• DATASET EXTRACT:

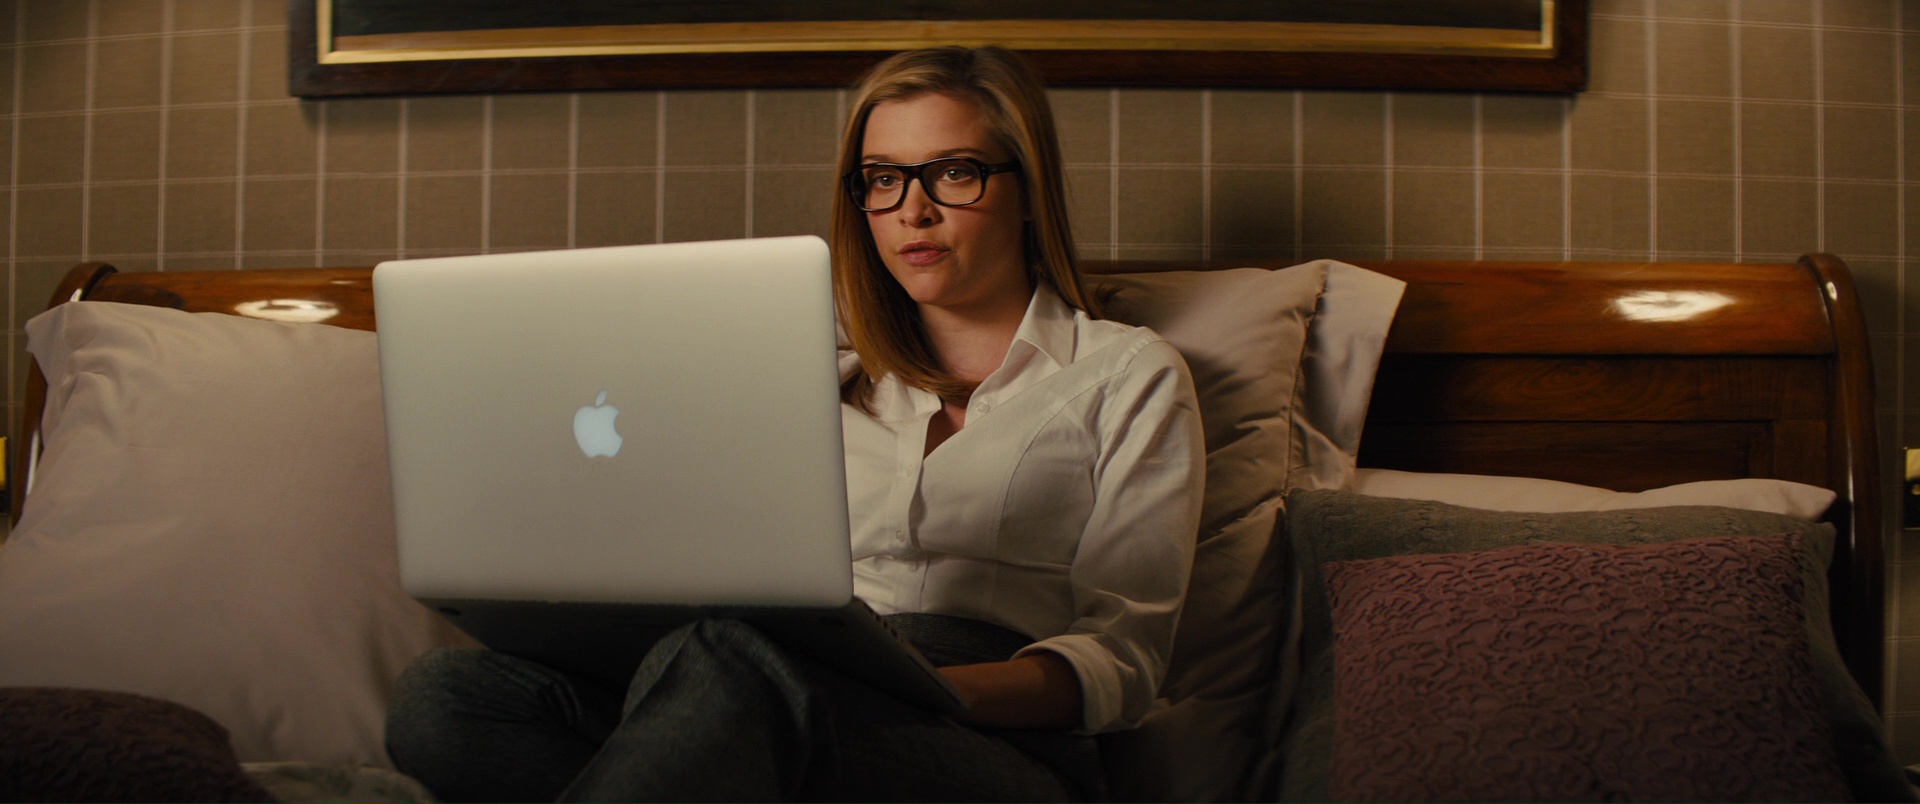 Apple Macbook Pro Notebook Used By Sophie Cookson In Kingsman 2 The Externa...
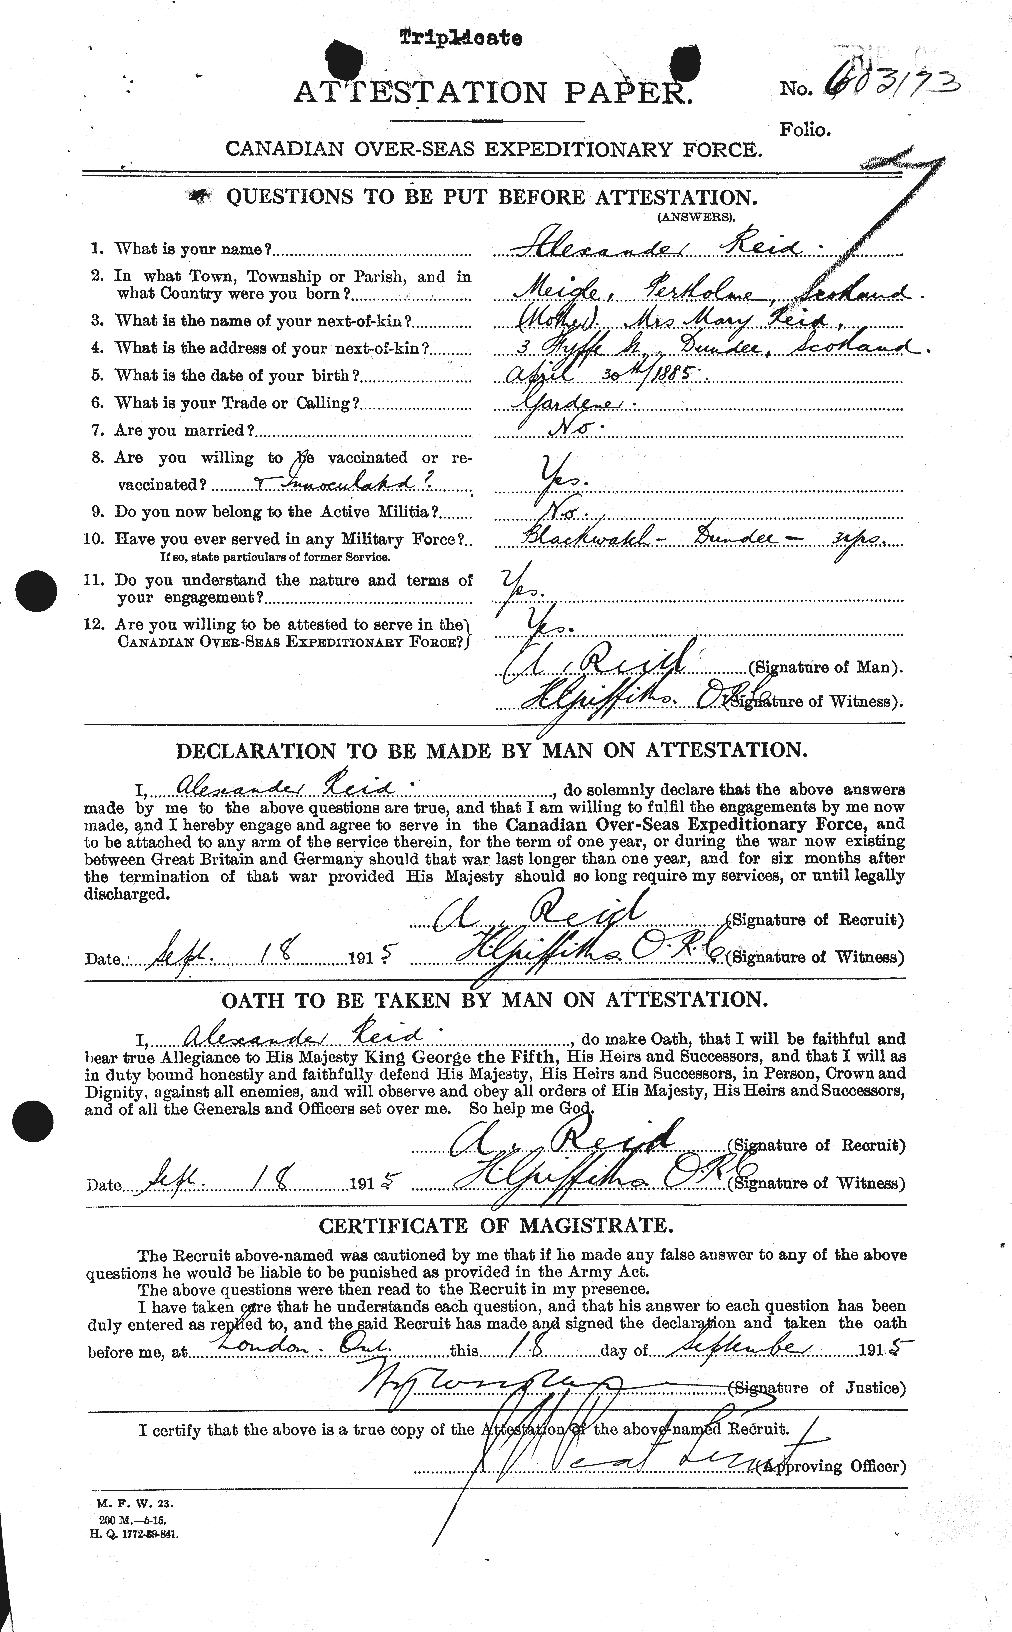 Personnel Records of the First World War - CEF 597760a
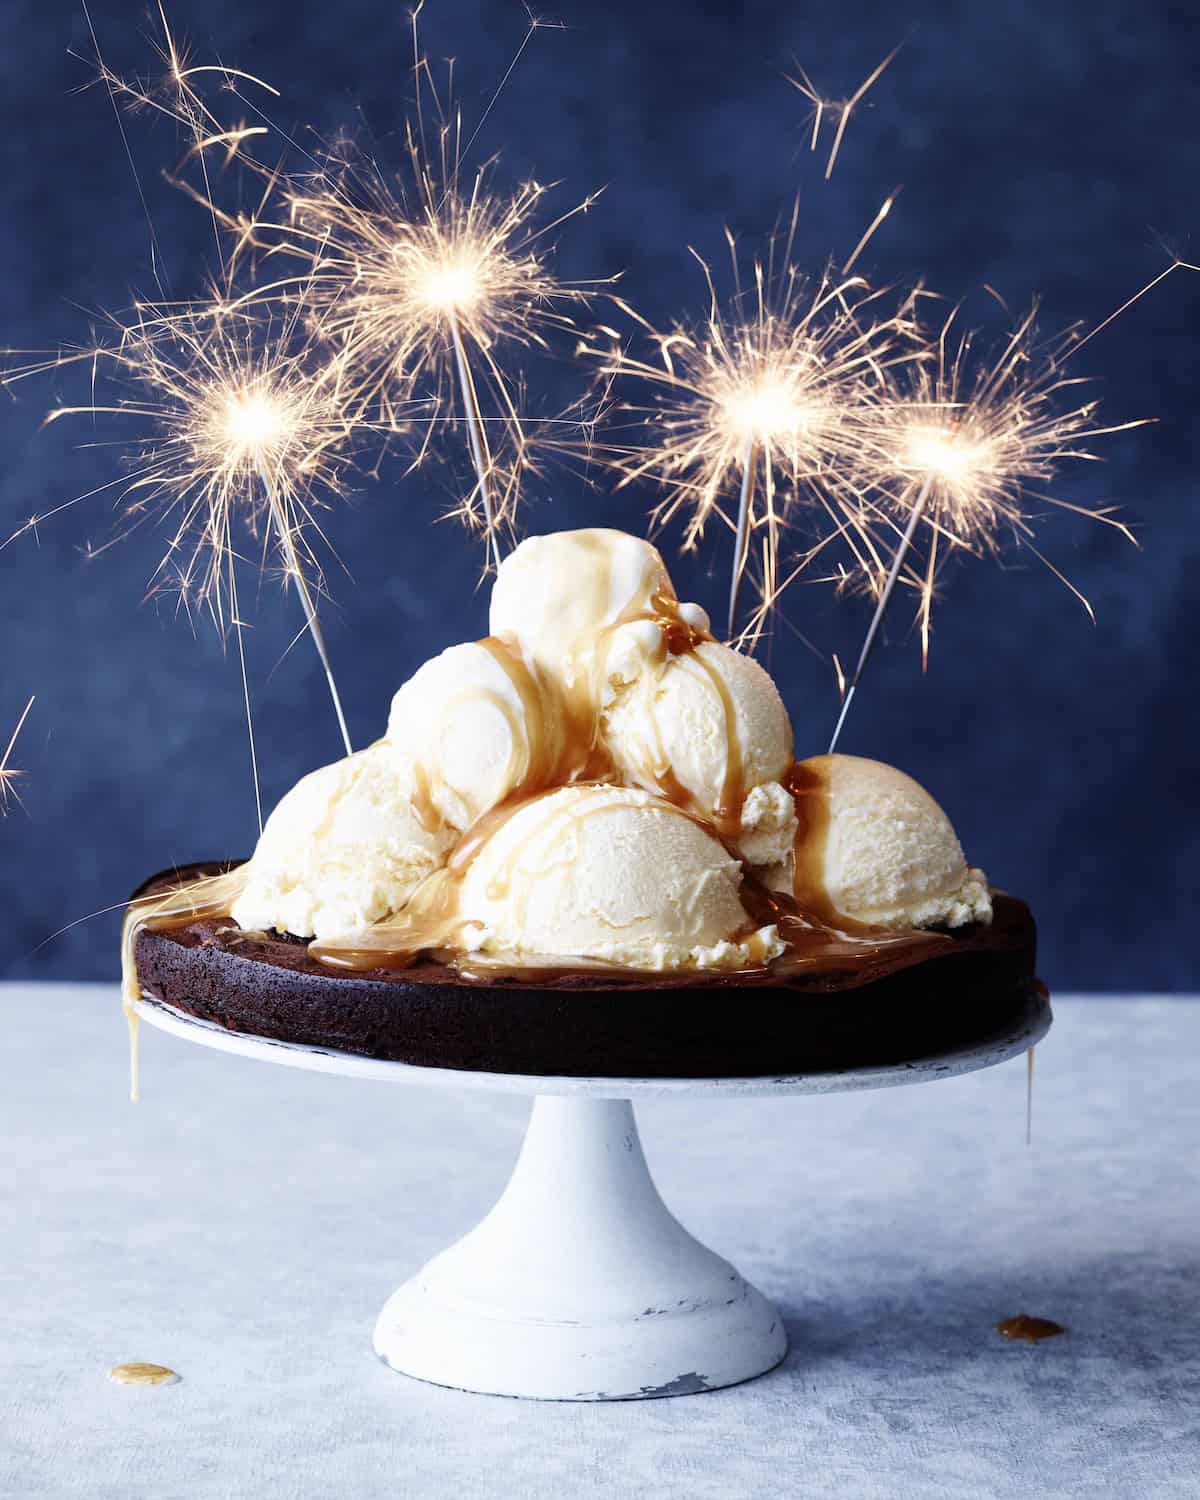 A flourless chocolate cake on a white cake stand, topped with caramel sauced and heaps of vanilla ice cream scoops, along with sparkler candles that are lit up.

• TASK INSTRUCTIONS: Once the pictures are removed, output the remaining material exactly.

• EXERCISE ANSWER:
 Apple Macbook Pro Notebook Used By Sophie Cookson In Kingsman 2 The Externa...
 Personnel Records of the First World War - CEF 597760a
 A flourless chocolate cake on a white cake stand, topped with caramel sauced and heaps of vanilla ice cream scoops, along with sparkler candles that are lit up.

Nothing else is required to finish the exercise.